# Math Help - Difficult Integral

1. ## Difficult Integral

Hi all,

Im studying calculus now and Ive come across this question in a workbook and im struggling with it. Its to find this integral:

∫ 7x ² / x ³ + 1 dx

If someone could show me it would be a great help and much of a relief.

Mitch

2. Originally Posted by Mitch281008
Hi all,

Im studying calculus now and Ive come across this question in a workbook and im struggling with it. Its to find this integral:

∫ 7x ² / x ³ + 1 dx

If someone could show me it would be a great help and much of a relief.

Mitch
Make the substitition $u=x^3+1 \implies du=3x^2dx$

This gives

$\int \frac{7x^2}{x^3+1}dx=\frac{7}{3}\int\frac{1}{u}du$

Now just integrate from here

3. Have you used U substitution?

Try setting $u=x^3$

Then: $du=3x^2dx$

-> $\frac{7du}{3} = 7x^2$

The integral then becomes: $\frac{7}{3}\int{\frac{1}{u}}du +\int1dx$

4. Originally Posted by Riyzar
Have you used U substitution?

Try setting $u=x^3$

Then: $du=3x^2dx$

-> $\frac{7du}{3} = 7x^2$

The integral then becomes: $\frac{7}{3}\int{\frac{1}{u}}du +\int1dx$
You are supposing $u = x^3$

NOTE THAT you have to suppose

$u = {x^3}+ 1$
then, $du = 3x^2 dx$

$\frac{7}{3}\int{\frac{1}{u}}du$

= $\frac{7}{3} log(u) + C$

substitute $u = {x^3}+ 1$

and you're are smart enough to write the answer

5. Ok thanks guys.

It was one of those questions where i could not get an answer no matter what i tried.

i appreciate the help

cheers,
Mitch

6. Ok I have another problem, this one ive solved but i just want to check the answer to see if ive got it.

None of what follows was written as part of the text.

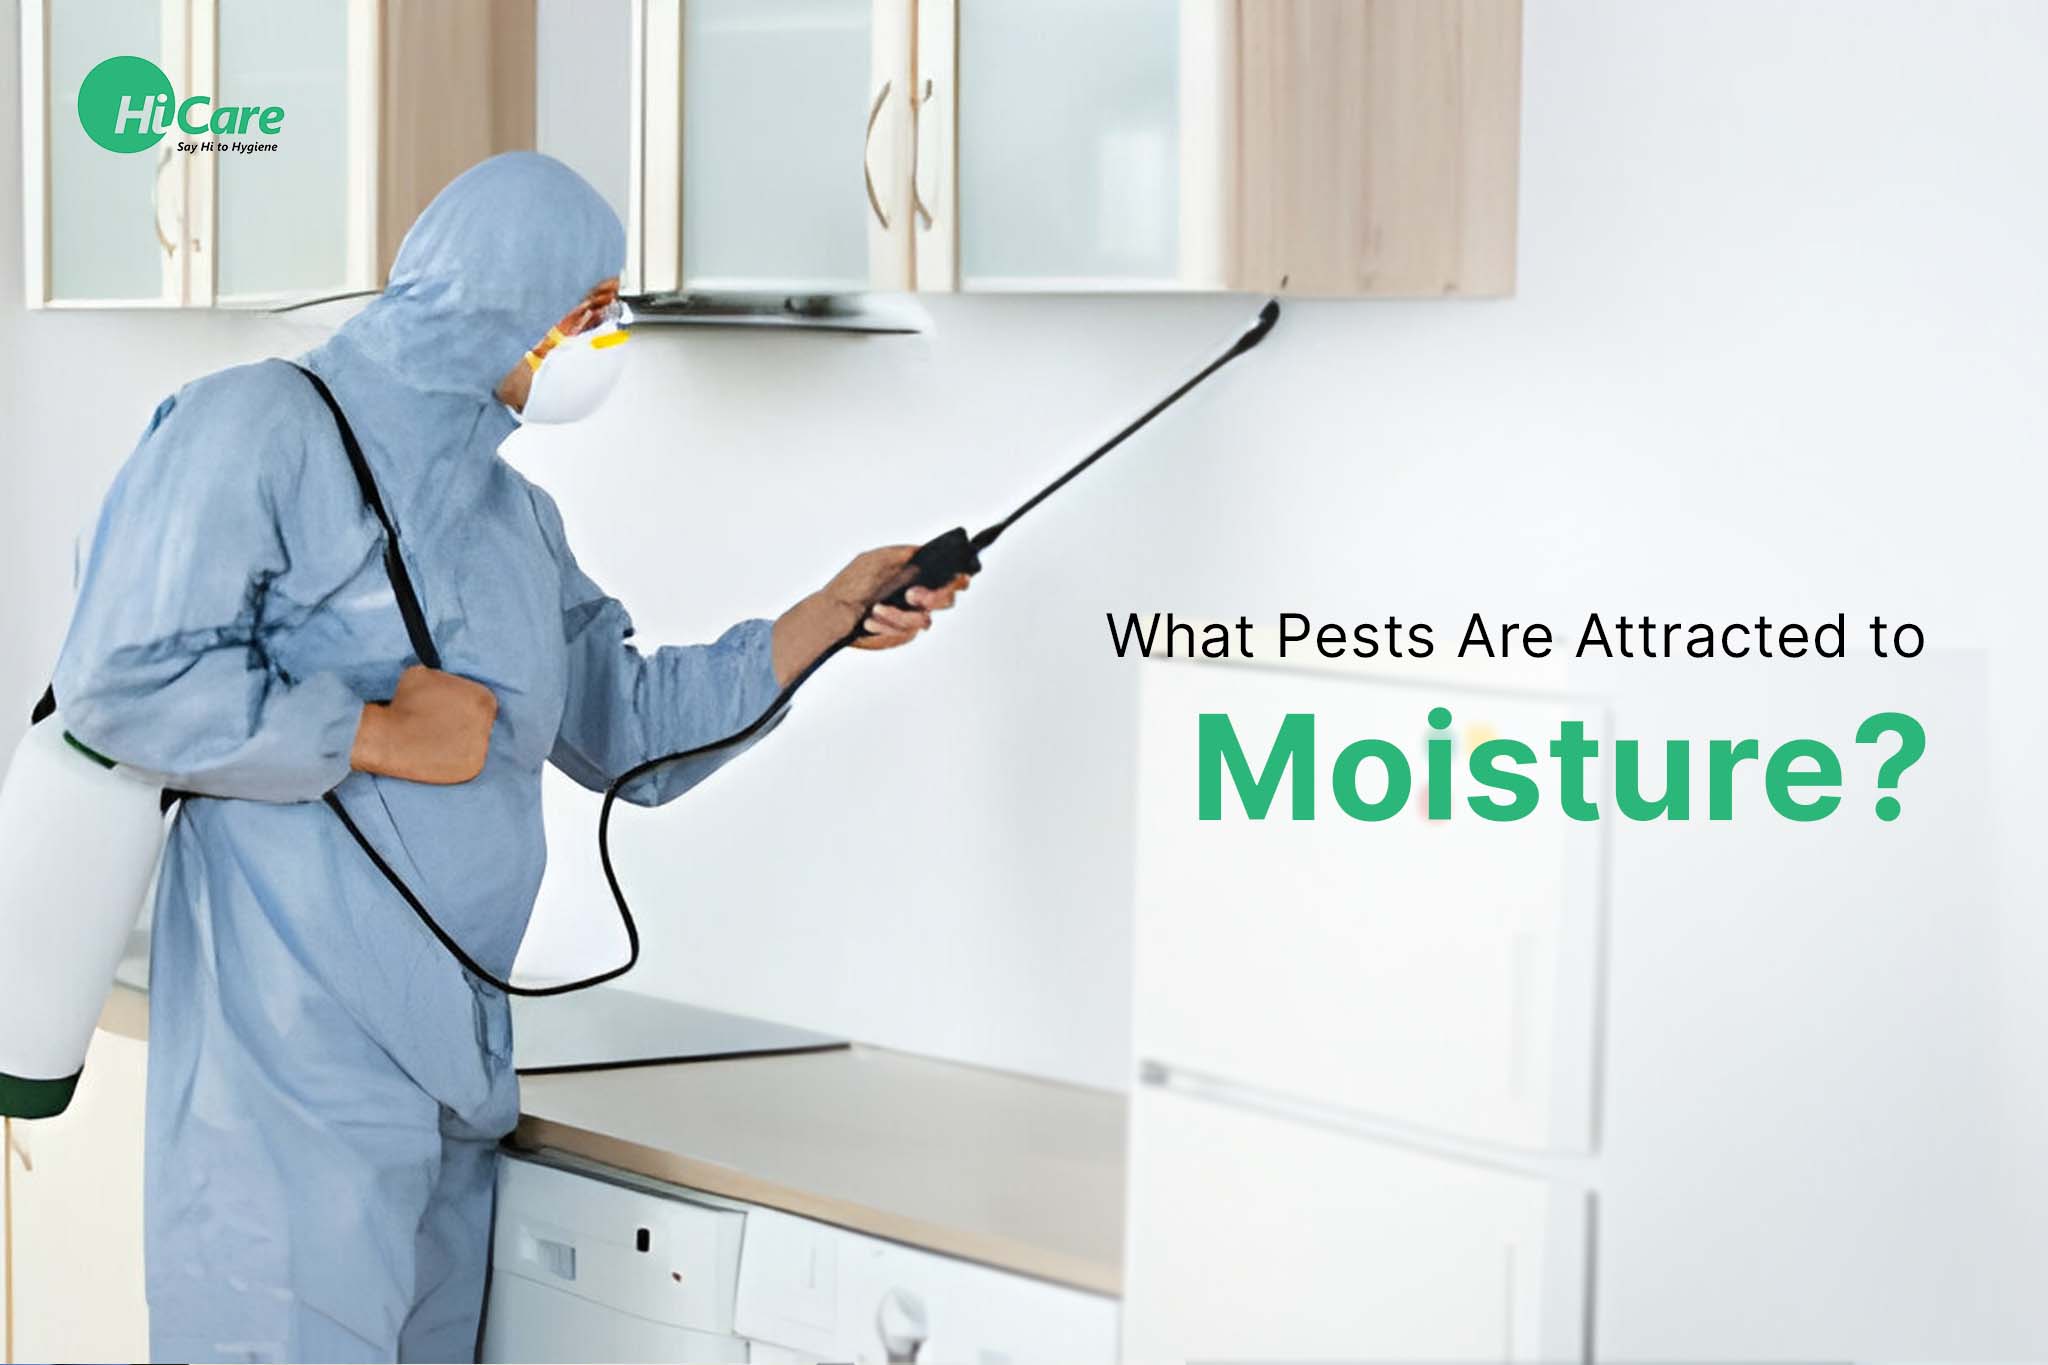 What Pests are Attracted to Moisture?

∫ 5e^(3x+1) = 5 (e^(3x+1)) / (3x+1) + c

i hope thats clear, its annoying not being able to make fractions look like fractions lol.

thanks for the support,

Mitch

7. Originally Posted by Mitch281008
Ok I have another problem, this one ive solved but i just want to check the answer to see if ive got it.

∫ 5e^(3x+1) = 5 (e^(3x+1)) / (3x+1) + c

i hope thats clear, its annoying not being able to make fractions look like fractions lol.

thanks for the support,

Mitch

$\int 5e^{3x+1} dx$

let $u = 3x+1$

then $du = 3dx$

so, $dx = \frac{du}{3}$

you have,

$\int \frac{5e^{u}du}{3}$

= $\frac{5e^u}{3}+C$

substitute $u = 3x+1$

you get,

$\frac{5e^{3x+1}}{3}+C$